I can assure you that the operators that are workingin thos positions are very well versed in how thier respective units operate in the field, right down to the section level.
One of the operators that worked for me on my last tour just completed the Inf recce course, and is now employed in that posn.
Neither one of you have any idea where/how SigOps are employed or what we do in Cbt Arms units, or anything else for that matter. You are both talking out of your a## about something you have no concept of.
I would suggest that you both stay in your lanes.


----------



## GDawg

I gotta mostly agree with wonderbread, but both sides make valid arguments.
Each Sig Op beyond what is technically necessary could deny a slot for one of its tradesman, so there is a reason right there to want to employ a double hatted Pte/Cpl.
I know from personal experience that it takes a good long time to pick up the lingo and understand what information might be tactically relevant. I deployed as the mythological Cbt Engr Tp Sig. I devoted a good deal of effort teaching those around me communications skills, and in turn I learned a lot about military engineering. 

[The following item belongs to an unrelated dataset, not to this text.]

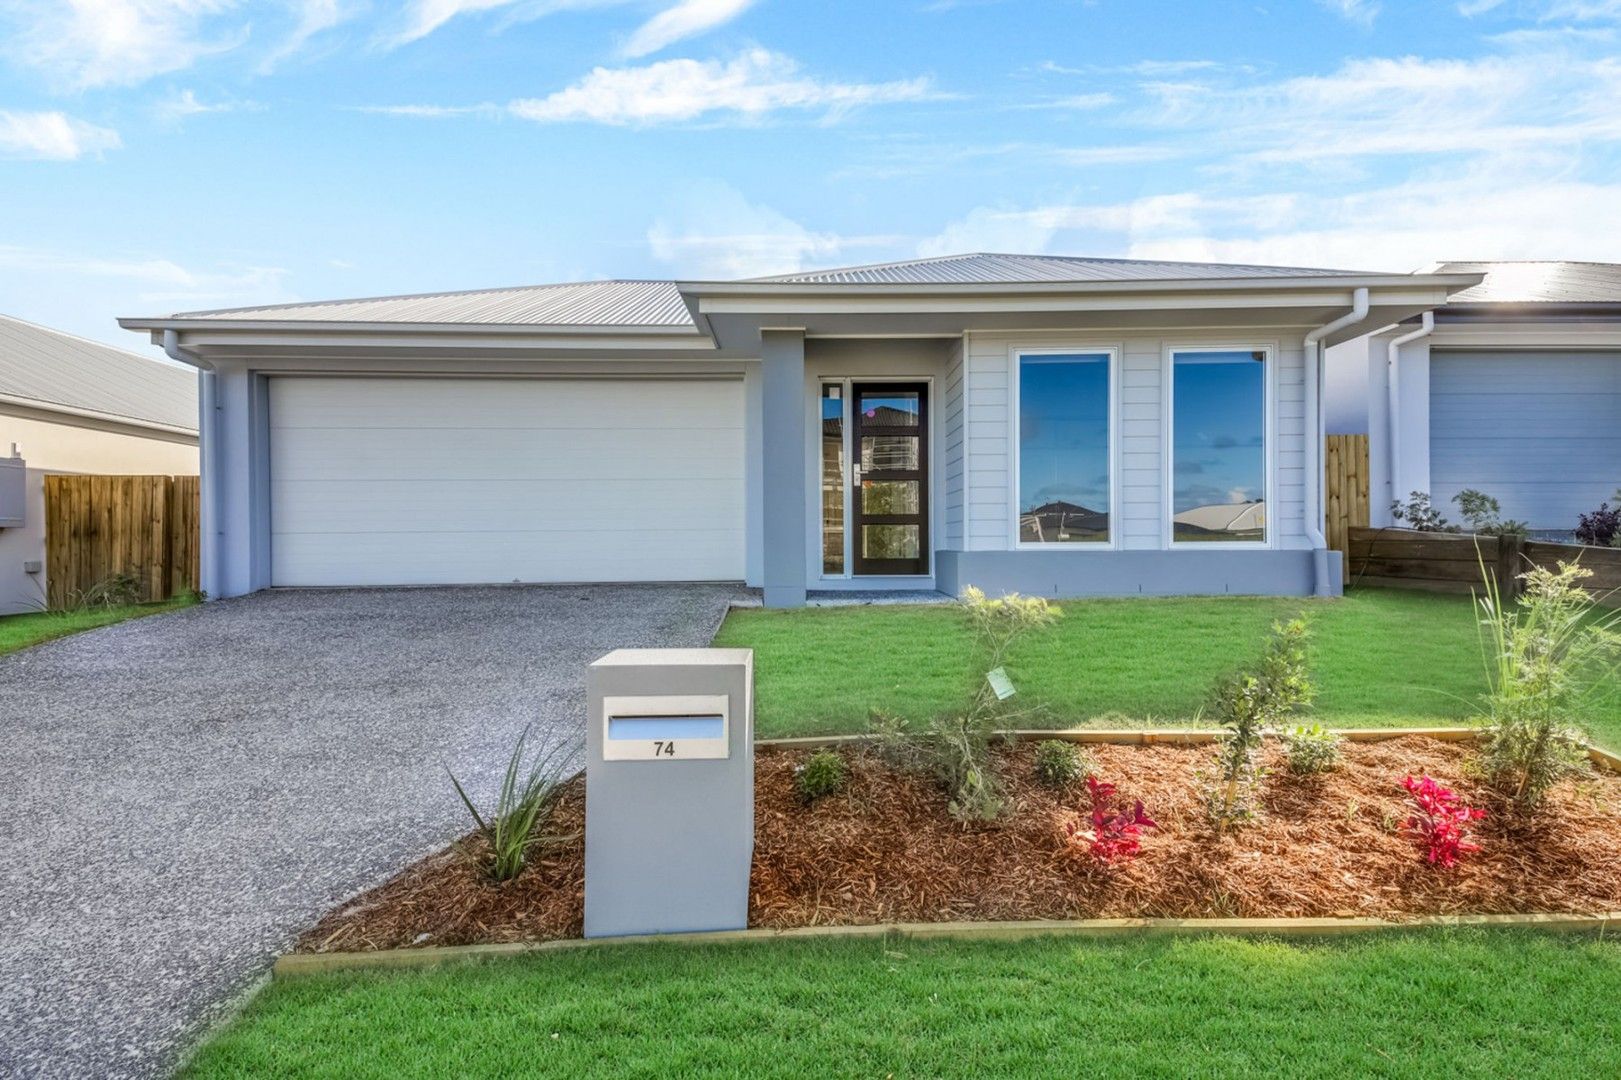 4 bedrooms New House & Land in 74 Eagle Street BURPENGARY EAST QLD, 4505

 I believe the pragmatic approach would be to train a switched on and motivated combat arms soldier to use the radio, rather than grab a Sig Op and teach them the basics of a combat arms trade. Tactical radios are pretty simple, and if we absolutely need a Sig Op to operate that radio, and _only_ operate that radio at all times then we've got 2 problems. 1) We bought the wrong damn radios 2) We're recruiting the wrong damn people

my 2 cents


----------



## Jammer

i'm not saying that you have the Sig Op be the only one on the radio, far from it.
Based on your profile you have a very limited view of what an operator does beyond just working in a CP.
Why would you not train a switched on Sig Op (see my previous post about one of my operators who just completed the Inf recce crse), and teach him infantry stuff (moot point).
As far as teaching others comms skills in an Eng Sqn, you were just doing part of your job...nothing more than what is expected of you.


----------



## HItorMiss

Jammer

In point of Fact Wonderbread has years of experience as a Signaler in an Inf Bn both home and overseas, I suggest in the future before you tell someone what they do or do not know you explore their personal backround.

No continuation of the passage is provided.